Thin film nanostructured photovoltaic cells are increasing in efficiency and decreasing the cost of solar energy. FDTD modeling of branched nanowire 'forests' are shown to have improved optical absorption in the visible and near-IR spectra over nanowire arrays alone, with a factor of 5 enhancement available at 1000 nm. Alternate BNW tree configurations are presented, achieving a maximum absorption of over 95% at 500 nm.

©2013 Optical Society of America

1. Introduction

Affordable solar power is an attractive prospect for a number of reasons, including the declining availability of nonrenewable fossil fuels.
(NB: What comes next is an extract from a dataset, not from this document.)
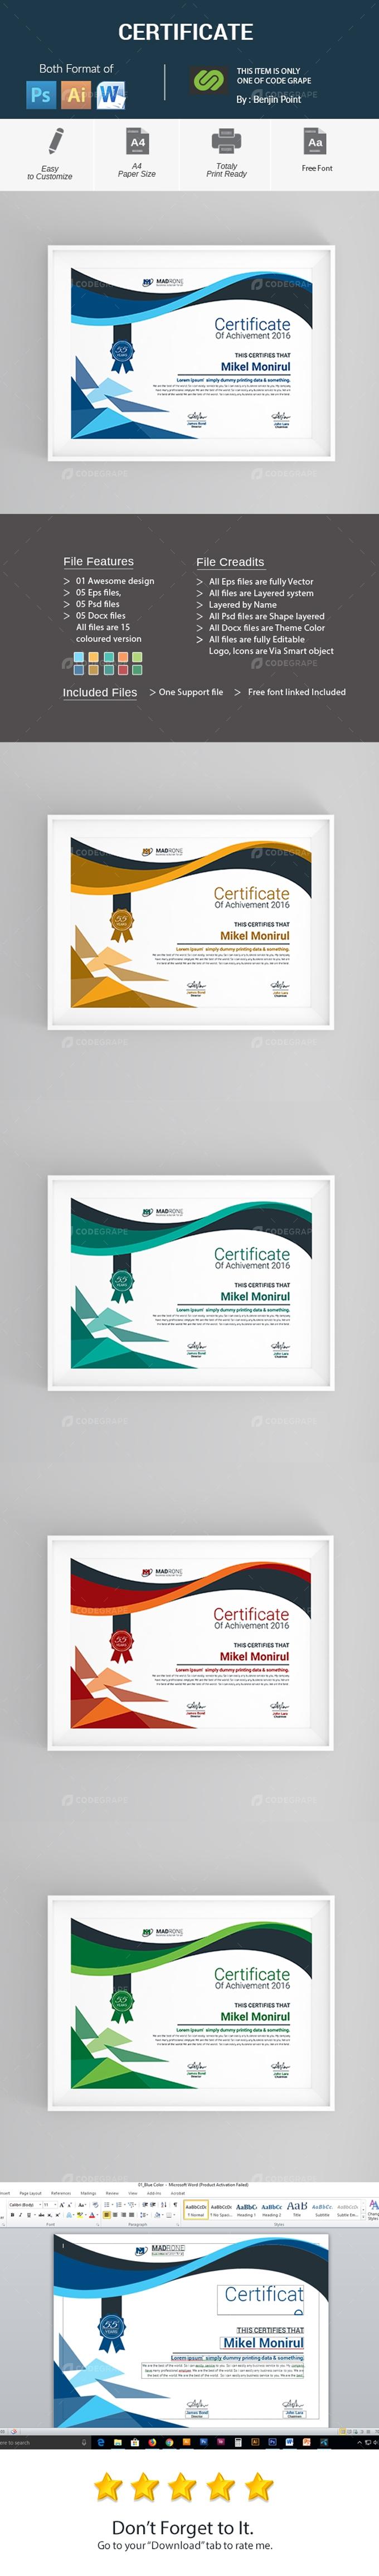 Achivement Certificate

In order to make solar energy viable on a large scale, the efficiency of photovoltaic cells must increase or the cost of production and materials must decrease below the current $1.50 per Watt of polycrystalline silicon PV cells [1]. Thin film photovoltaic cells demonstrate the prospects of increasing efficiency and decreasing material costs [2, 3]. In February 2013, the best single junction Si thin film solar cell achieved 10.7% efficiency [4]. In contrast, new research in solar cells using nanowire structures have a proven efficiency of 8.40% and branched nanowire devices may exceed that, based on increased optical absorption [57]. Research in nanowire (NW) and branched nanowire (BNW) Si solar cells is still relatively new compared to thin film bulk solar cells.
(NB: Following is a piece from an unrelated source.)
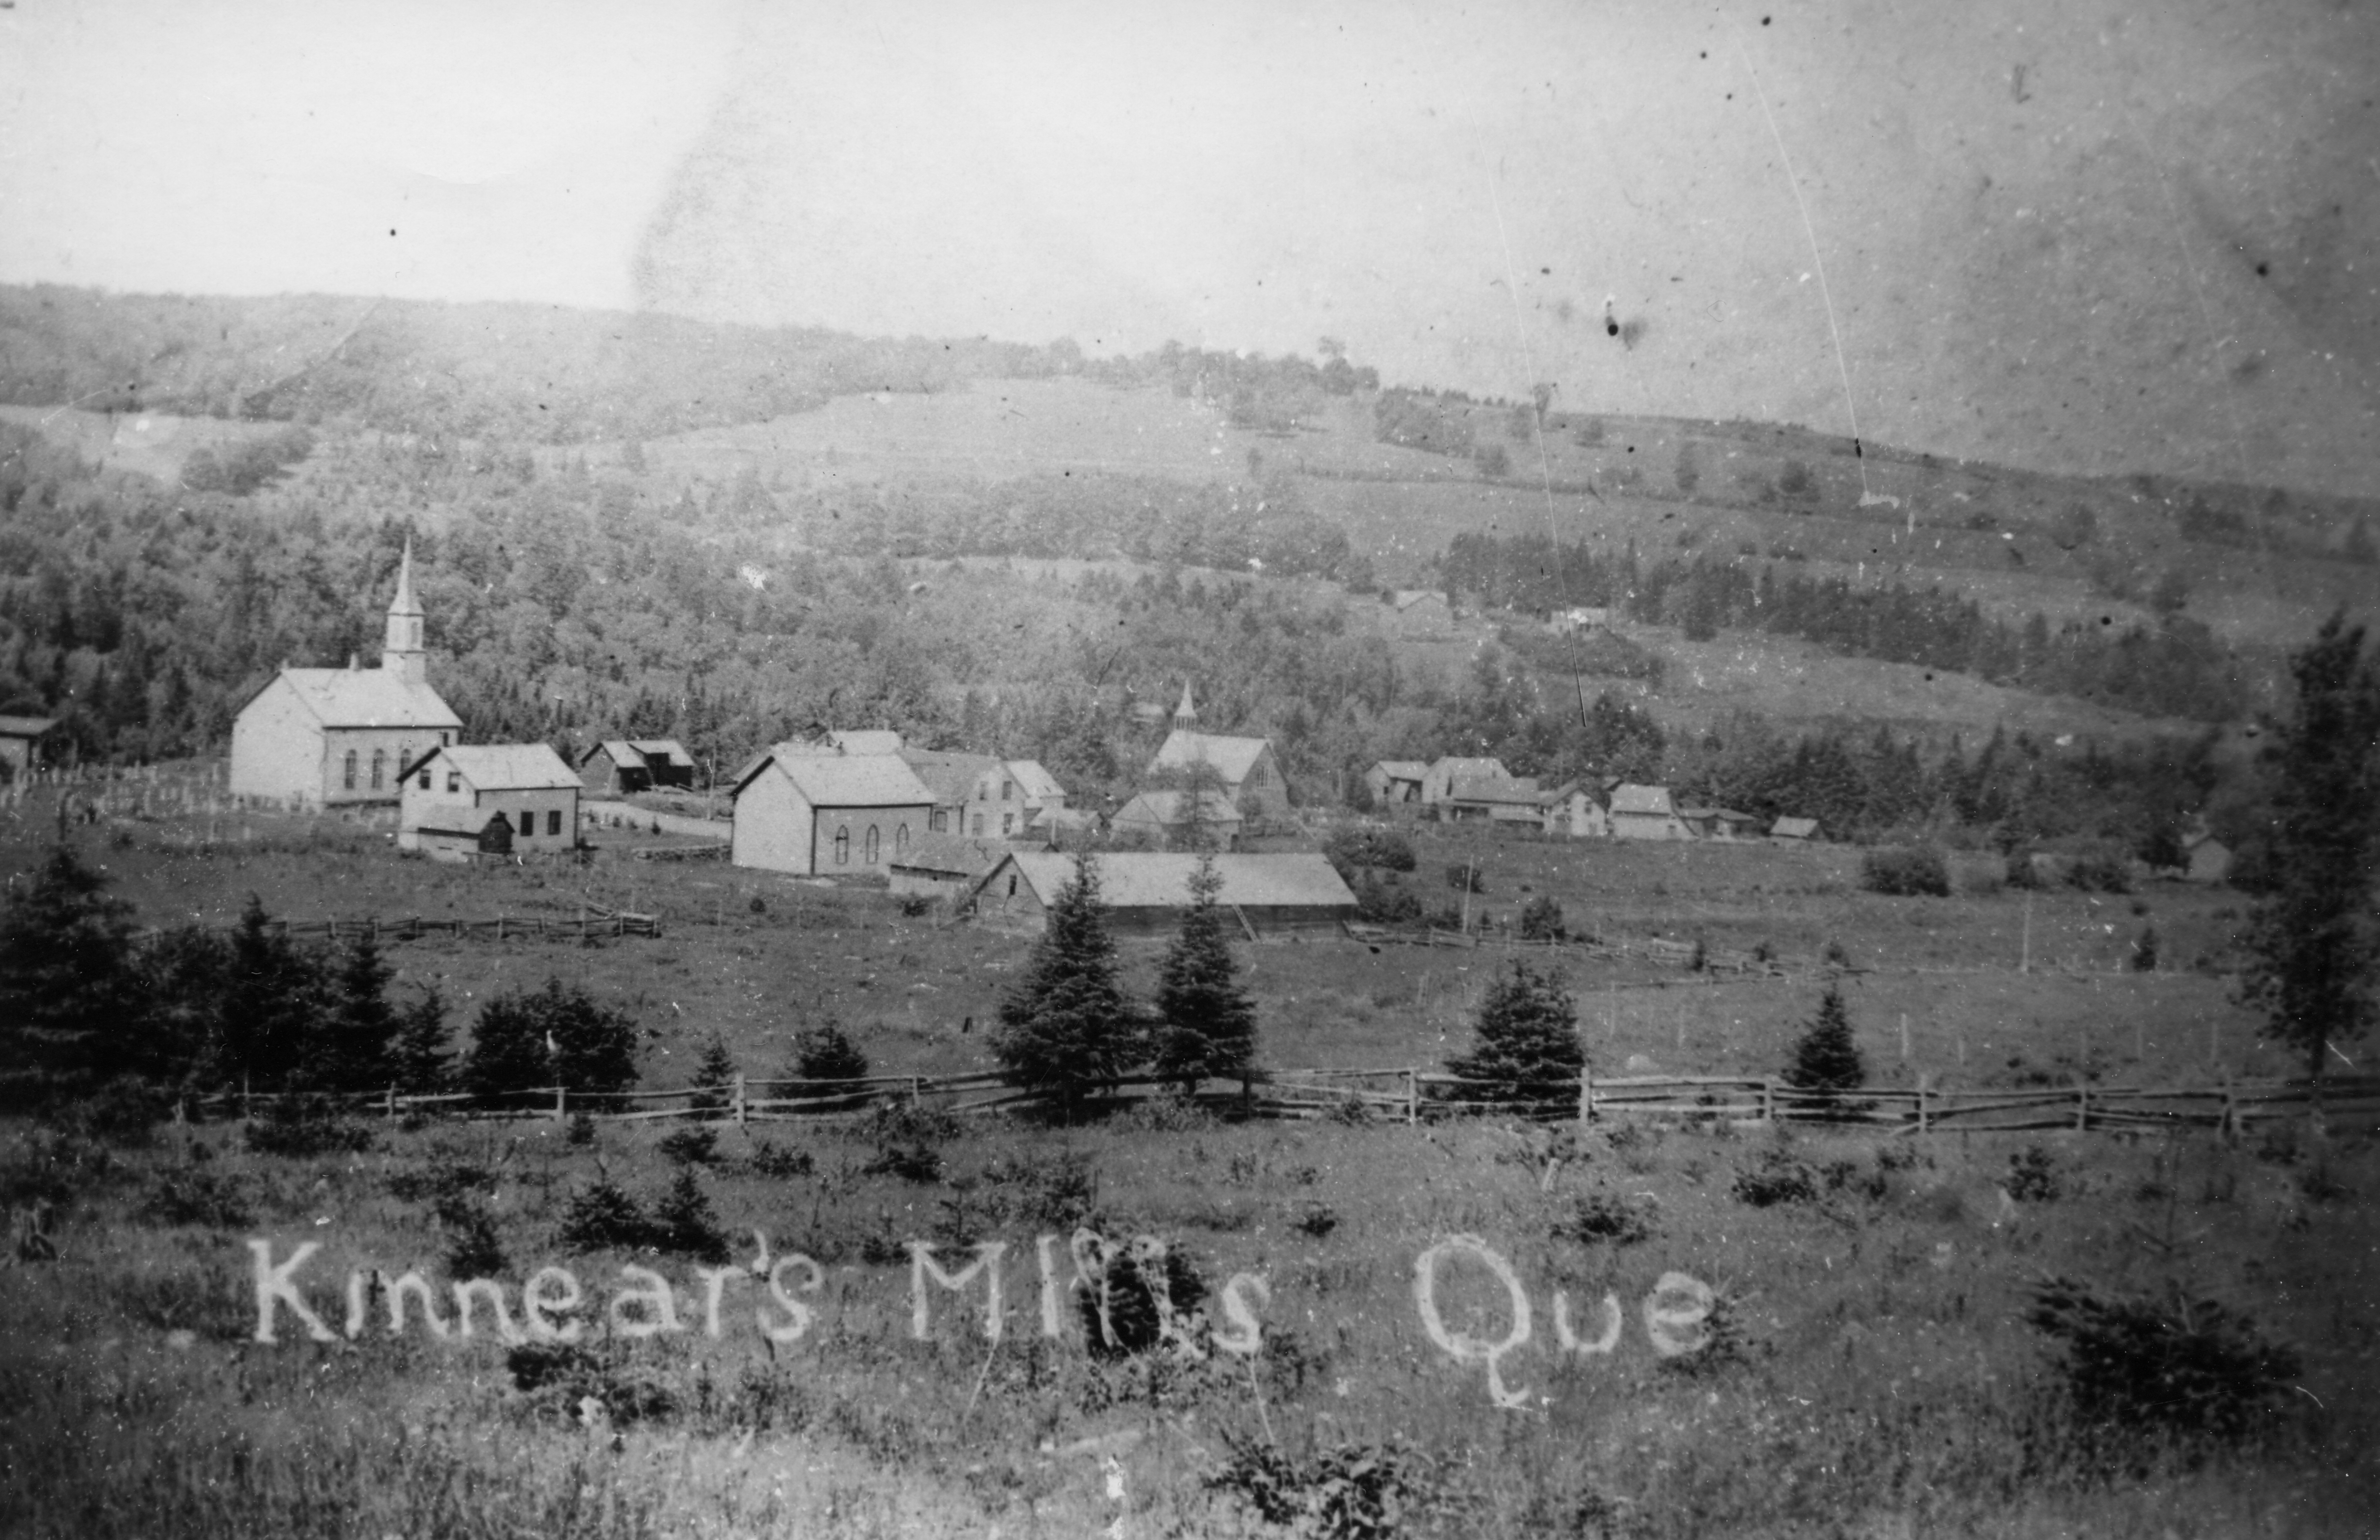 Kinnear's Mills vers1890-1910

Besides cell efficiency, there are differences between the materials and processing of planar and nanowire solar cells. In planar Si devices, as shown in Fig. 1(a), high purity single-crystal Si is required in order to maximize absorption of the incident solar radiation and achieve sufficiently long minority carrier diffusion lengths. Planar cells that use (less expensive) materials with a higher level of impurities and crystalline defects typically leads to a reduction in the minority carrier diffusion length and thus reduced cell efficiency. The p-n junctions in the nanowire arrays are radial, as shown in Fig. 1(b), with very short diffusion distances. This configuration allows the use of less expensive materials with higher level of impurities and crystalline defects. Si NW arrays occupy a fraction of the array volume with wafer based devices and have shown to exceed the ray-optics light-trapping absorption limit of an equivalent volume of textured planar Si. Si nanowire cells show a broadband, near unity internal quantum efficiency for carrier generation because of relatively short diffusion lengths for the minority carriers [2]. Maximizing efficiency requires that the wire array provide high absorption and be sized for efficient carrier collection.

 figure: Fig. 1

Fig. 1 Light and carrier interactions in Si junctions (a) planar junction, (b) radial junction.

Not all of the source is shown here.